Problem requirements: Beginning with the first line and ending with the one containing "Lofing-Anderson Evergreen Wedding", copy the lines of the listing below exactly; omit everything else.

Material provided:
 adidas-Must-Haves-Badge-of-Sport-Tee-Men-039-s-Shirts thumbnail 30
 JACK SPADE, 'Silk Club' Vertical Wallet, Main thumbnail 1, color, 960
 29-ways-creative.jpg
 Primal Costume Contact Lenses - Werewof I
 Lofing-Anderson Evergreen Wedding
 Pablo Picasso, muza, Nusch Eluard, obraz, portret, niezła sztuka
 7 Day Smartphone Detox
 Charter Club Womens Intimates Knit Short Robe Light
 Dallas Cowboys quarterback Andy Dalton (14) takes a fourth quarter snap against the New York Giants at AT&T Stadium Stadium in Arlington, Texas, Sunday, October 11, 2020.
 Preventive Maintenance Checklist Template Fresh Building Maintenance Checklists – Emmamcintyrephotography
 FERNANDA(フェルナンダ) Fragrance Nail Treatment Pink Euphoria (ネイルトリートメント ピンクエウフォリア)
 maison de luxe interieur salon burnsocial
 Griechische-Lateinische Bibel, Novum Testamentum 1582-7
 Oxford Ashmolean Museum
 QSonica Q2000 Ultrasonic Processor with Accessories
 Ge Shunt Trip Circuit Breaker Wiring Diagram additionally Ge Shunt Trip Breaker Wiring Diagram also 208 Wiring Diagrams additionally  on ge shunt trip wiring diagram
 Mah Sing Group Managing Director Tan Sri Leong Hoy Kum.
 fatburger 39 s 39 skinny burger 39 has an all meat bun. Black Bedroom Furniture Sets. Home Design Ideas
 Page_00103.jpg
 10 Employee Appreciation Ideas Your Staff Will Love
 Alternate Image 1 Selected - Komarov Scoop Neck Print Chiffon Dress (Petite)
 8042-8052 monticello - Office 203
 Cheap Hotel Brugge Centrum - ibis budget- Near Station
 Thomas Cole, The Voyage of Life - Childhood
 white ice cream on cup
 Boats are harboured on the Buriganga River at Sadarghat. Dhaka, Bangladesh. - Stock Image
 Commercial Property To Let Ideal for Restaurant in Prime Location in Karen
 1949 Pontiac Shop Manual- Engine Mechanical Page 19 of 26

Exercise response:
 adidas-Must-Haves-Badge-of-Sport-Tee-Men-039-s-Shirts thumbnail 30
 JACK SPADE, 'Silk Club' Vertical Wallet, Main thumbnail 1, color, 960
 29-ways-creative.jpg
 Primal Costume Contact Lenses - Werewof I
 Lofing-Anderson Evergreen Wedding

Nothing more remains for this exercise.